In the last 10 to 15 years I have worked in international collaborations with Russia, France, Israel, and I can say that Indian R&D institutions and scientists are [second to none] with respect to their capabilities, [in] contributing to a JV or absorbing from there the right technology. This is not going to be teacher and taught relationship. This is going to be a relationship at par. Our research base and eco systems are strong enough to grow further with these partnerships.
On China and how India is closing the gaps in technology and how the private sector should not remain only a component manufacturer
The only gap which exists between China and India today is in terms of large-scale manufacturing capability. As far as technology is concerned, I can only say in defence we have come very close to China. Take missiles, our reach and accuracy is comparable.
Our LCA today is a shining example, comparable to what China is producing in J-10. But our manufacturing capabilities in numbers are certainly lacking and that is where [the] gap has to be caught up. That is where private sector participation [should be considered]. An ecosystem should be provided to private sector to come in whether it is shipbuilding, missile building, torpedo building or submarine building. We should not allow private sector to remain a component manufacturer. Private sector should graduate to a lead system integrator and then certainly we can catch up with China in no time.
On future missile programmes
In the area of long-range missiles, our programmes are well defined. We are doing technologies that will be integrated with Agni V; we are also trying to look at ballistic missiles of different ranges in different roles. War is not going to be just across our boundaries, it will be in far-off places and across continents. So what we are looking at today is how to make sure that ballistic missiles reach their targets precisely.
Ballistic missile defence is our priority area which we are augmenting in a big way. Going from our interception capability of 80 km to 300 km, we also have the capability to take care in a limited manner of a sudden large number of missiles fired. Of course, there is no answer to infinite missiles. If somebody is launching 24 missiles at the same time, we should be able to handle it. Our emphasis is on missile development programme and going for cruise missiles, like you saw the launch of ‘Nirbhay’ last time. We have to perfect that system.
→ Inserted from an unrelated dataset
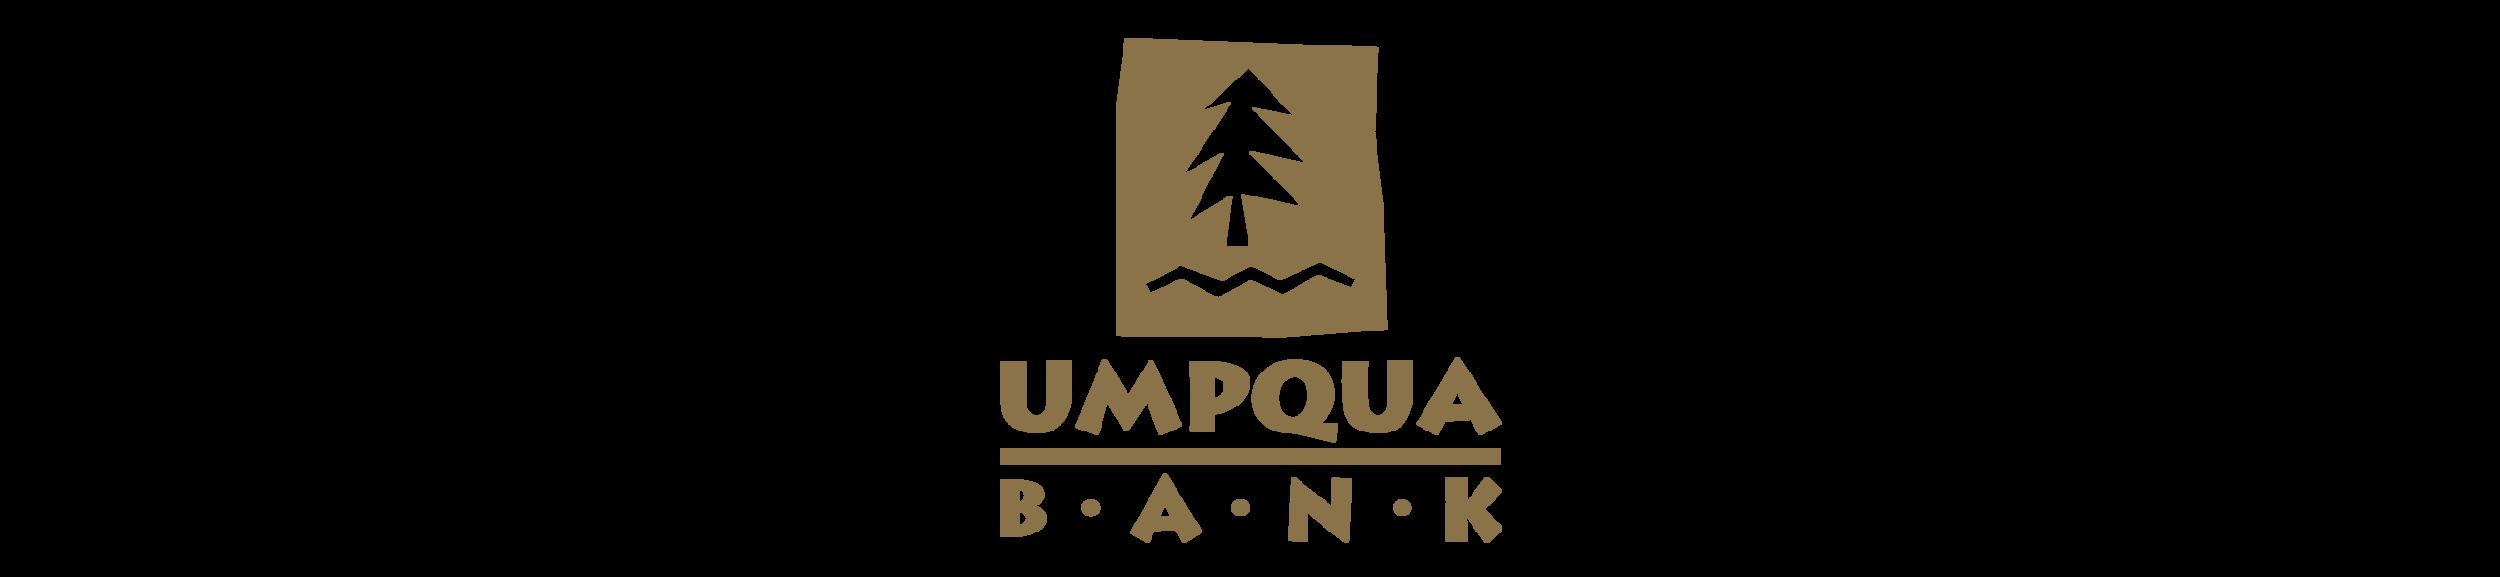 Umpqua_Logo_Gold.png

In the case of ballistic missiles, we are trying to get precision guided ammunitions being released from a mother missile for shorter range like 300 km — one missile releasing about six to seven precision guided missiles which can home [in] on different targets. Our strategic requirement is almost getting met, and we are not in any kind of race in that area. There is no more a gap between the Indian missile and the western missile. Indigenisation has gone up from 30 per cent in the 1990s to 50 to 55 per cent now, and it needs to go further up to 70 per cent.